**WHAT IS EXPECTED**
The listing below is to be copied exactly, with pictures excluded.

**SUPPLIED MATERIAL**

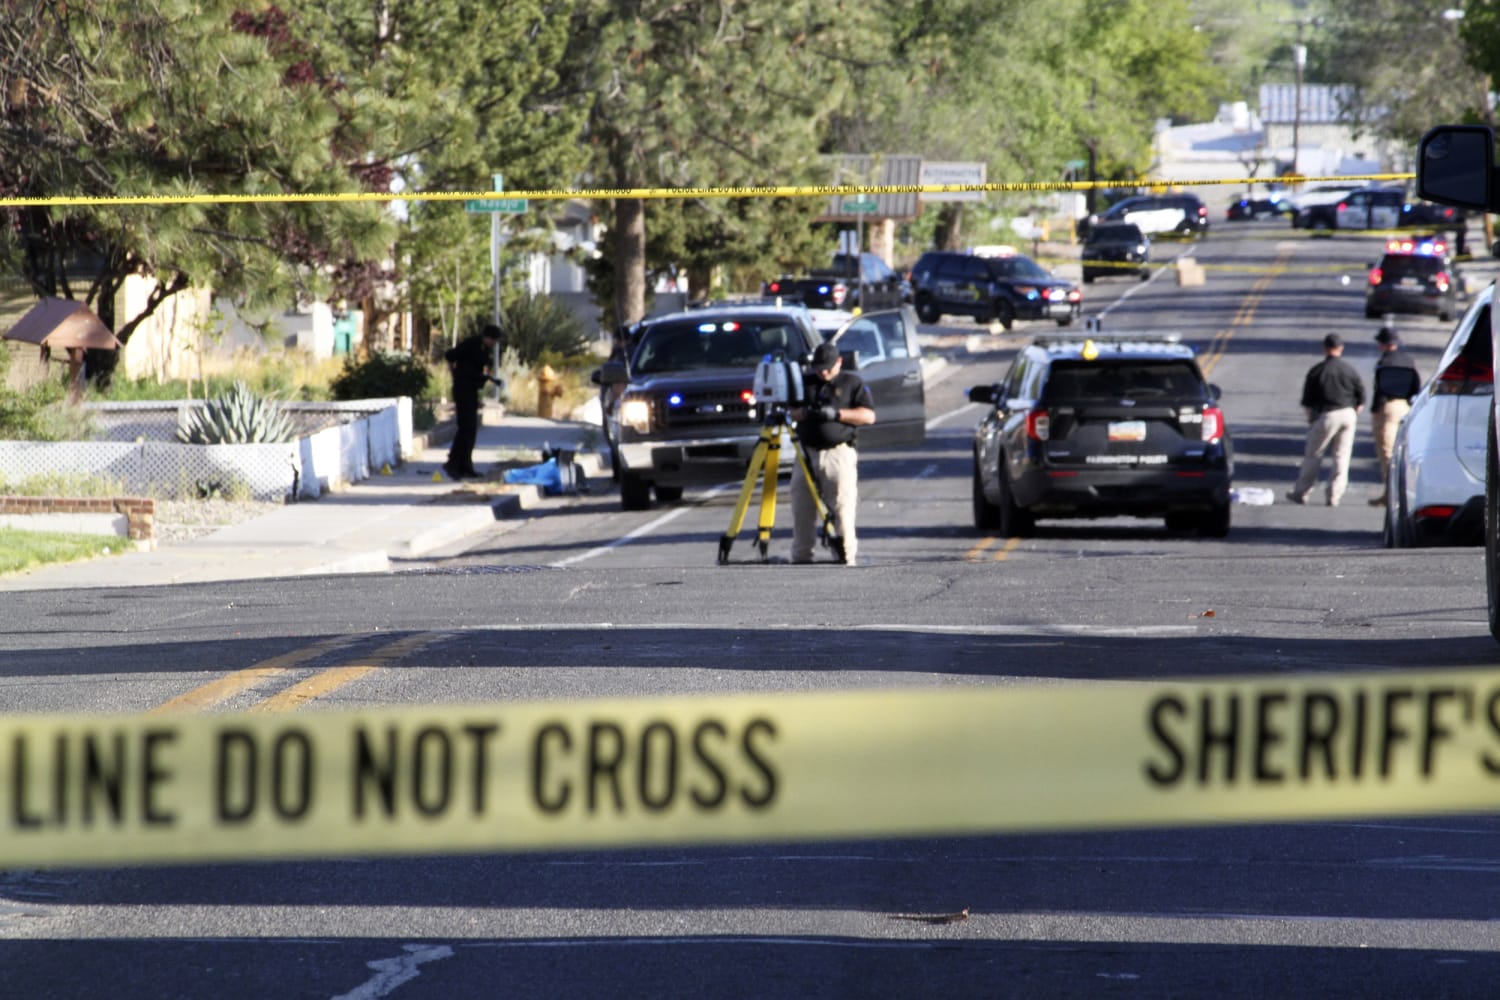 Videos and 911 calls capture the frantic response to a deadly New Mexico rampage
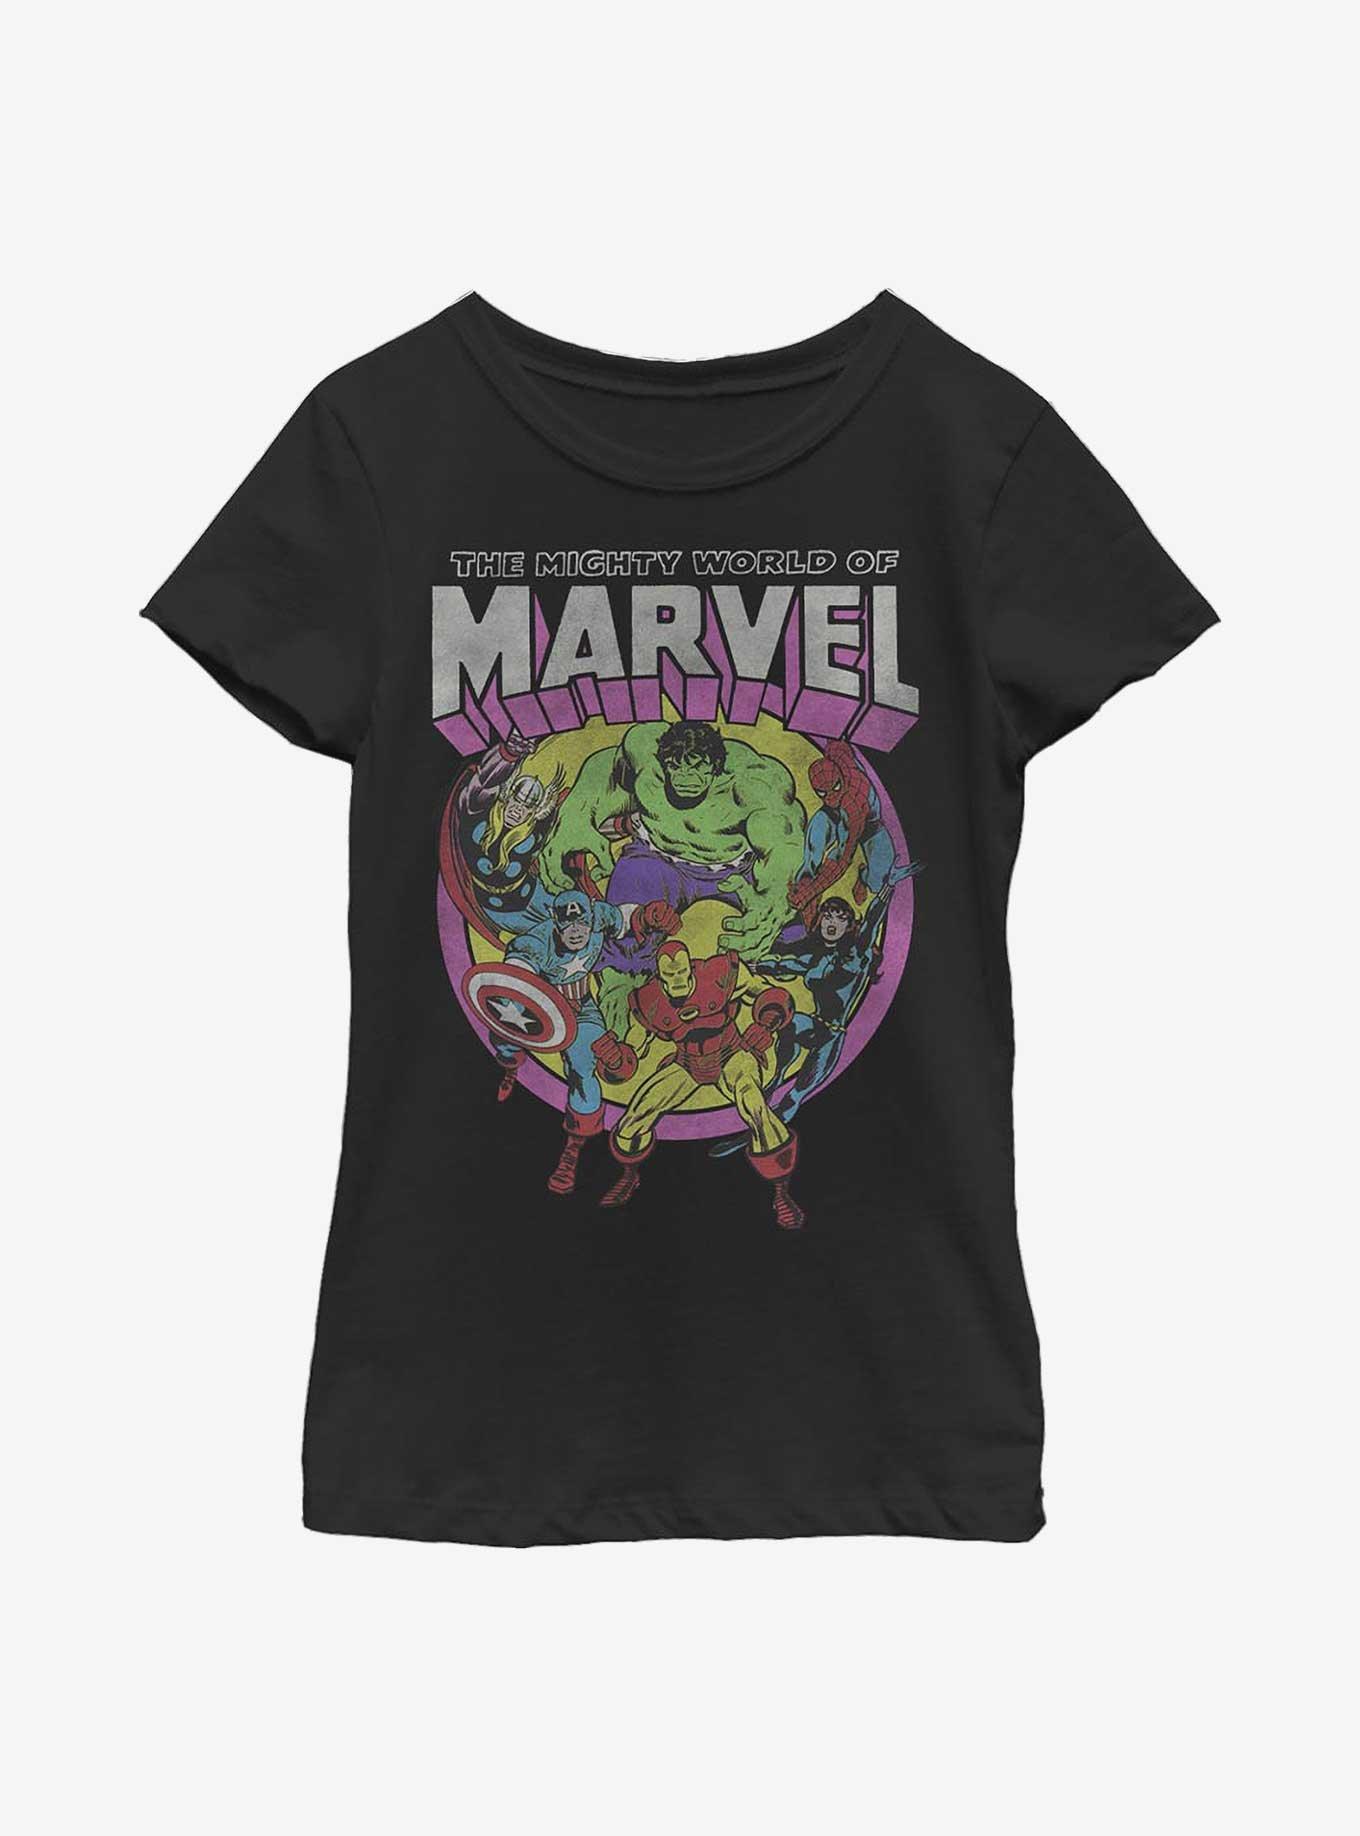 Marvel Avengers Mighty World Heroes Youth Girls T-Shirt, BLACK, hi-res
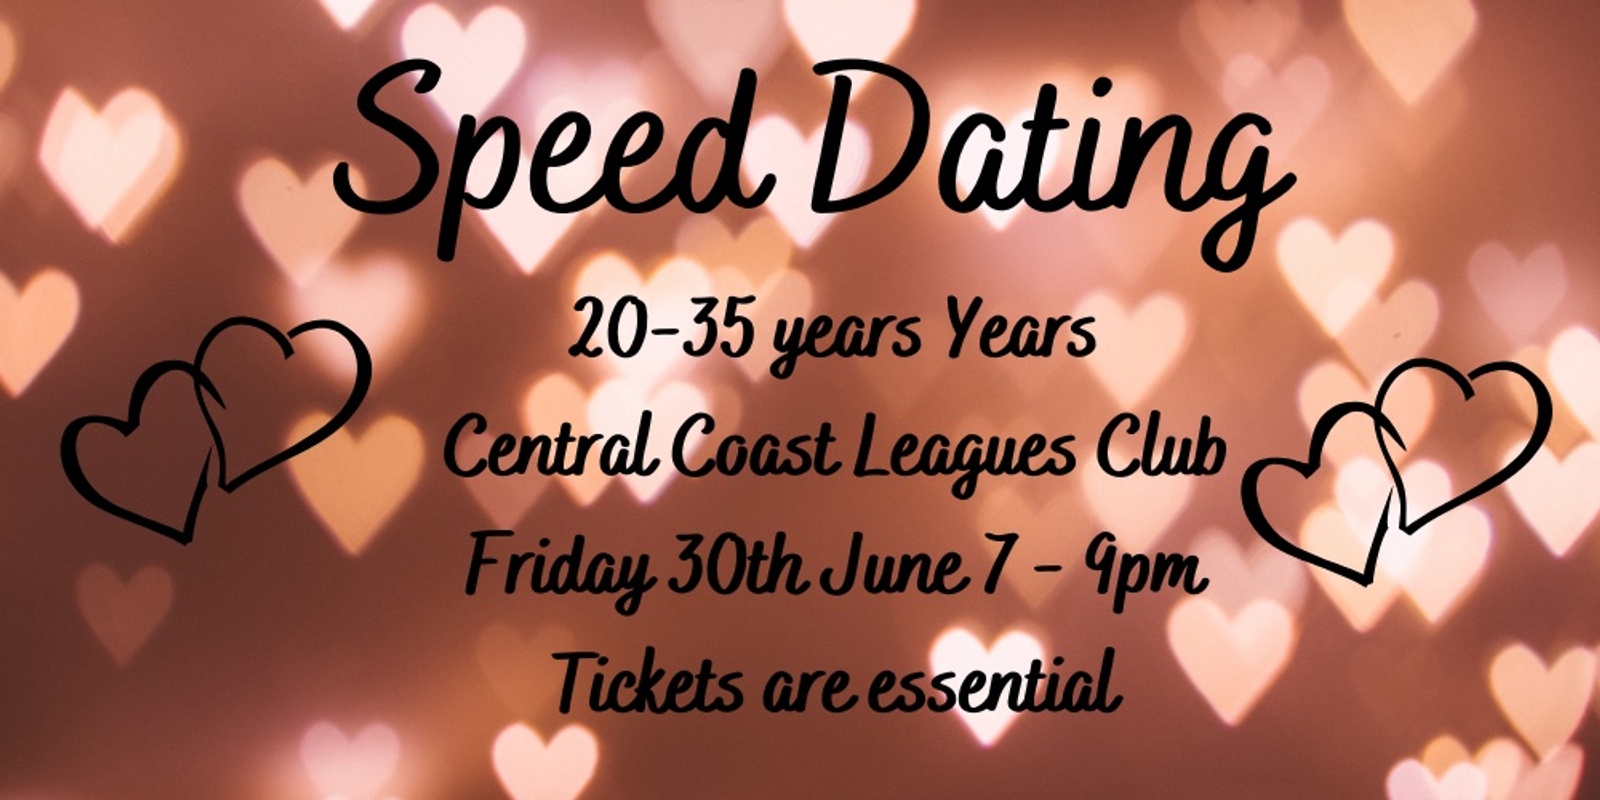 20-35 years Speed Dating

**WRITTEN SOLUTION**
 Videos and 911 calls capture the frantic response to a deadly New Mexico rampage
 Marvel Avengers Mighty World Heroes Youth Girls T-Shirt, BLACK, hi-res
 20-35 years Speed Dating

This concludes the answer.